Provides tools to generate an HTML interface for creating adaptive and non-adaptive educational and psychological tests using the shiny package. Suitable for applying unidimensional and multidimensional computerized adaptive tests using item response theory methodology. Test scoring is performed using the mirt package. However, if no scoring is required (i.e., a standard survey) then defining a mirt object may be omitted.

Usage

mirtCAT(df = NULL, mo = NULL, method = "MAP", criteria = "seq", start_item = 1, local_pattern = NULL, design_elements = FALSE, cl = NULL, progress = FALSE, primeCluster = TRUE, design = list(), shinyGUI = list(), preCAT = list(), ...)
"print"(x, ...)
"summary"(object, sort = TRUE, ...)
"plot"(x, pick_theta = NULL, true_thetas = TRUE, SE = 1, main = NULL, par.strip.text = list(cex = 0.7), par.settings = list(strip.background = list(col = "#9ECAE1"), strip.border = list(col = "black")), ...)

Arguments

df
a data.frame or list object containing the character vector inputs required to generate GUI questions through shiny.

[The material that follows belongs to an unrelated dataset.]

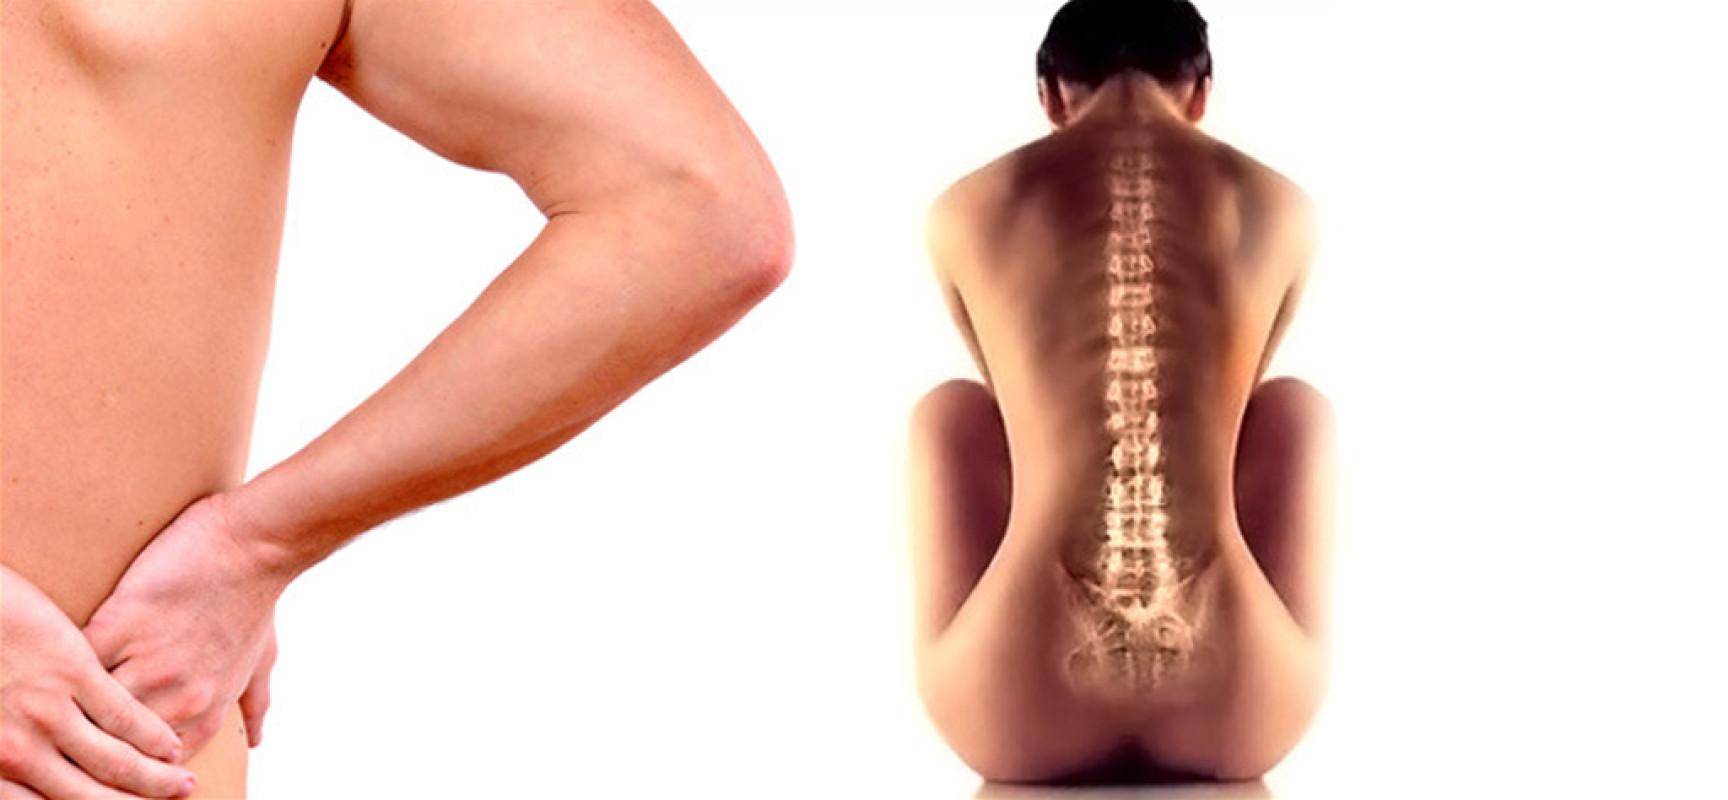 Сдавливание нервов между позвонками происходит вследствие разных факторов: Постоянный перенос тяжестей, Занятие спортом на профессиональном уровне, Плохое состояние костей и т.д.

If factors are supplied instead of character vectors then the inputs will be coerced using the as.character() function (set stringsAsFactors = FALSE when defining a data.frame to avoid this). Each row in the object corresponds to a unique item. The object supports the follow column name combinations as inputs to specify the type of response format, questions, options, answers, and stems:

mo
single group object defined by the mirt::mirt() function. This is required if the test is to be scored adaptively or non-adaptively, but not required for general questionnaires. The object can be constructed by using the generate.mirt_object function if population parameters are known or by including a calibrated model estimated from the mirt function with real data.
method
argument passed to mirt::fscores() for computing new scores in the CAT stage, with the addition of a 'fixed' input to keep the latent trait estimates fixed at the previous values. Default is 'MAP'
criteria
adaptive criteria used, default is to administer each item sequentially using criteria = 'seq'.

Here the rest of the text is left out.